Leaving the pictures aside, transcribe the data below exactly.

[Stored items]
▽
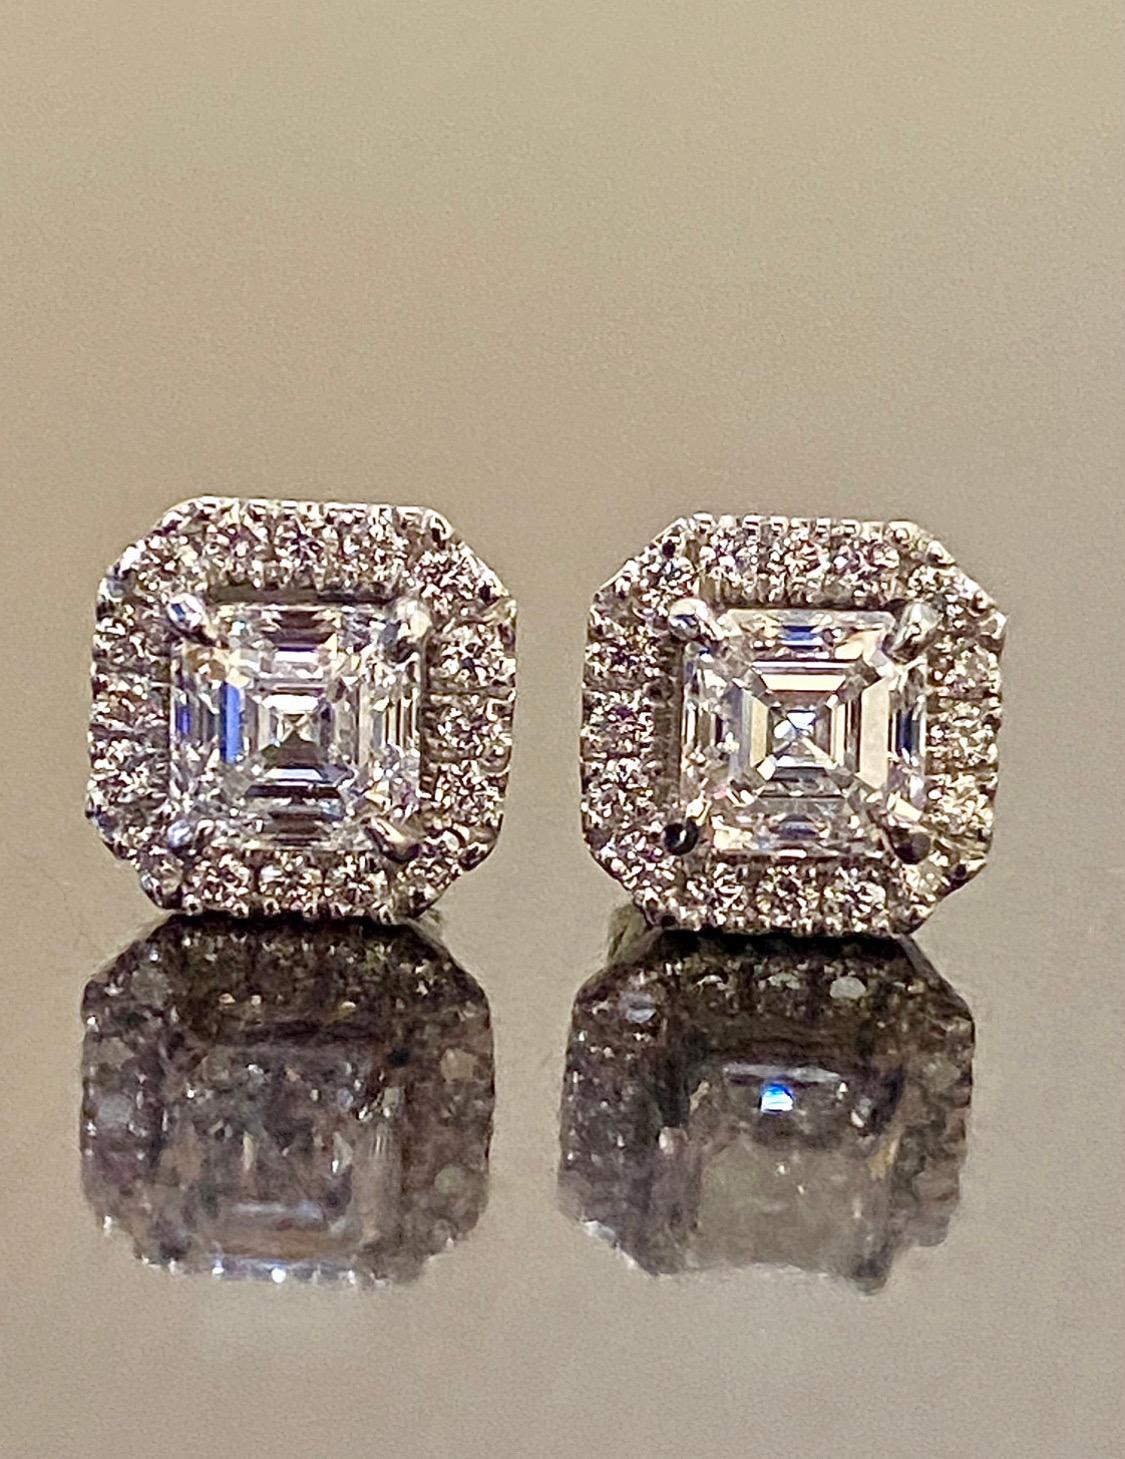 DeKara Designs Collection'S

Metall - 90% Platin, 10% Iridium.

Steine- 2 GIA-zertifizierte Diamanten im Asscher-Schliff F Farbe SI1 Reinheit 0,91 Karat und 0,91 Karat, 32 runde Diamanten F-G Farbe VS2-SI1 Reinheit, 0,40 Karat.

0,91 F SI1 GIA
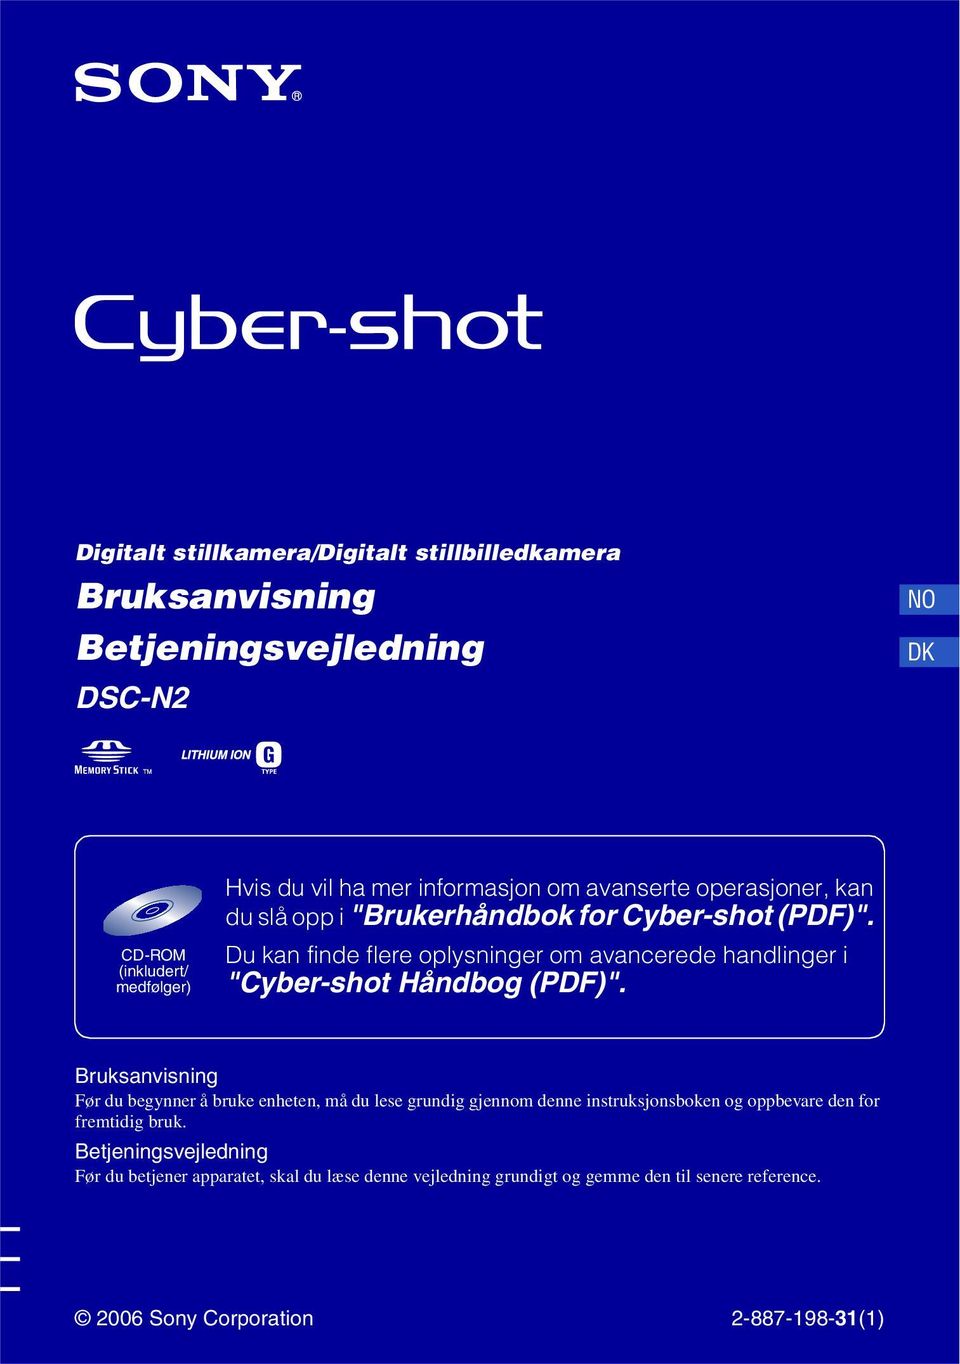 CD-ROM (inkludert/ medfølger) Du kan finde flere oplysninger om avancerede handlinger i "Cyber-shot Håndbog (PDF)".
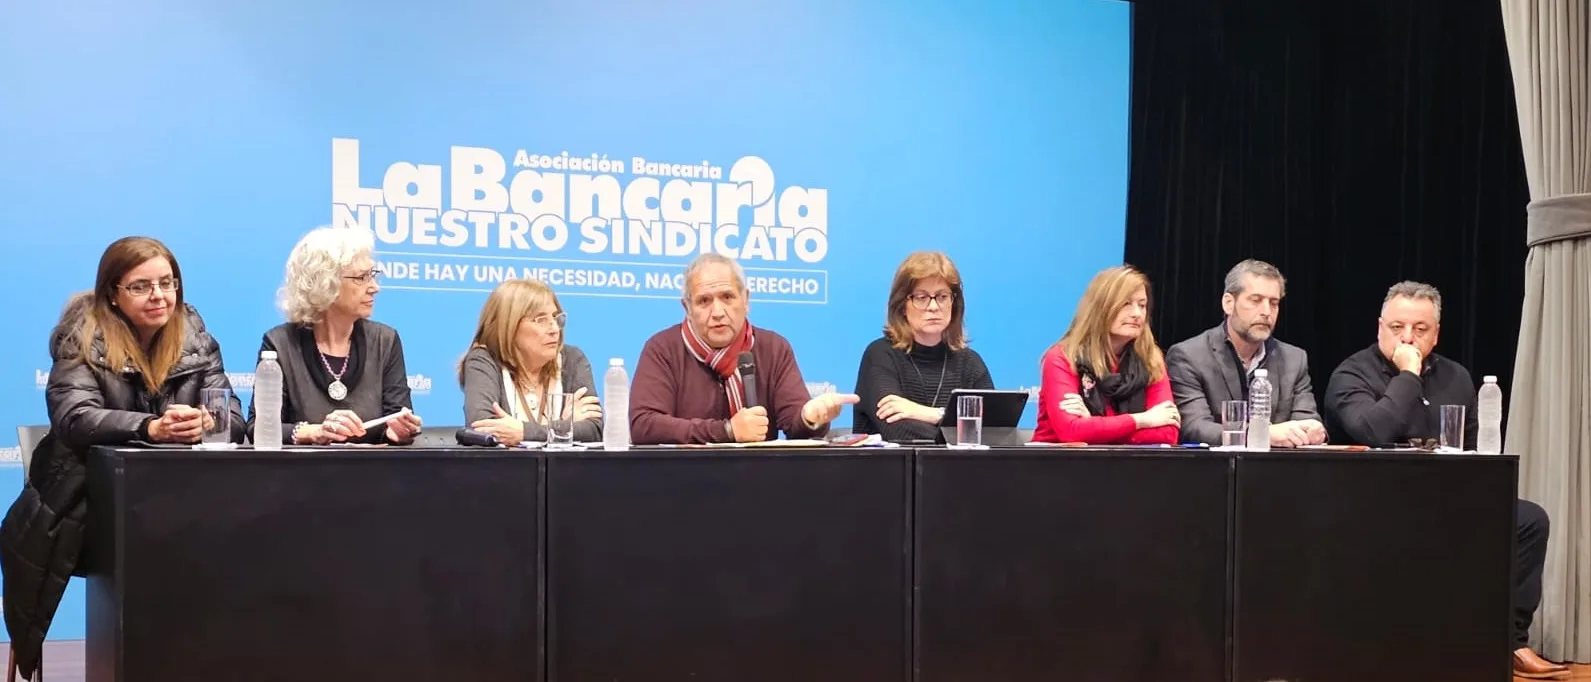 PANEL DE REFLEXIÓN. Sindicalismo y Género para América Latina
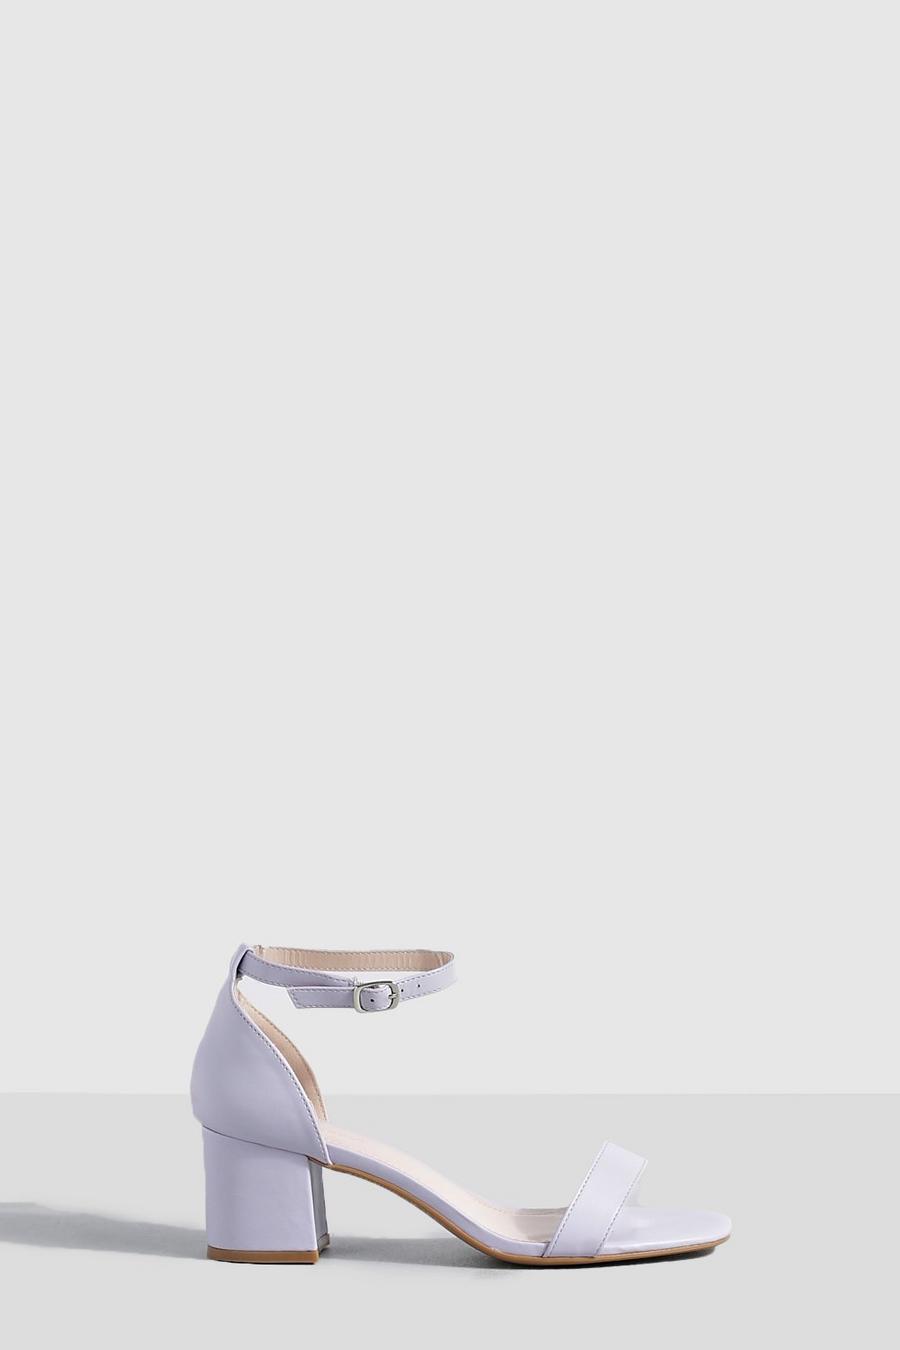 Tacones gruesos bajos minimalistas, Lilac
△
**Task response:**
 DeKara Designs Collection'S

Metall - 90% Platin, 10% Iridium.

Steine- 2 GIA-zertifizierte Diamanten im Asscher-Schliff F Farbe SI1 Reinheit 0,91 Karat und 0,91 Karat, 32 runde Diamanten F-G Farbe VS2-SI1 Reinheit, 0,40 Karat.

0,91 F SI1 GIA
 CD-ROM (inkludert/ medfølger) Du kan finde flere oplysninger om avancerede handlinger i "Cyber-shot Håndbog (PDF)".
 PANEL DE REFLEXIÓN. Sindicalismo y Género para América Latina
 Tacones gruesos bajos minimalistas, Lilac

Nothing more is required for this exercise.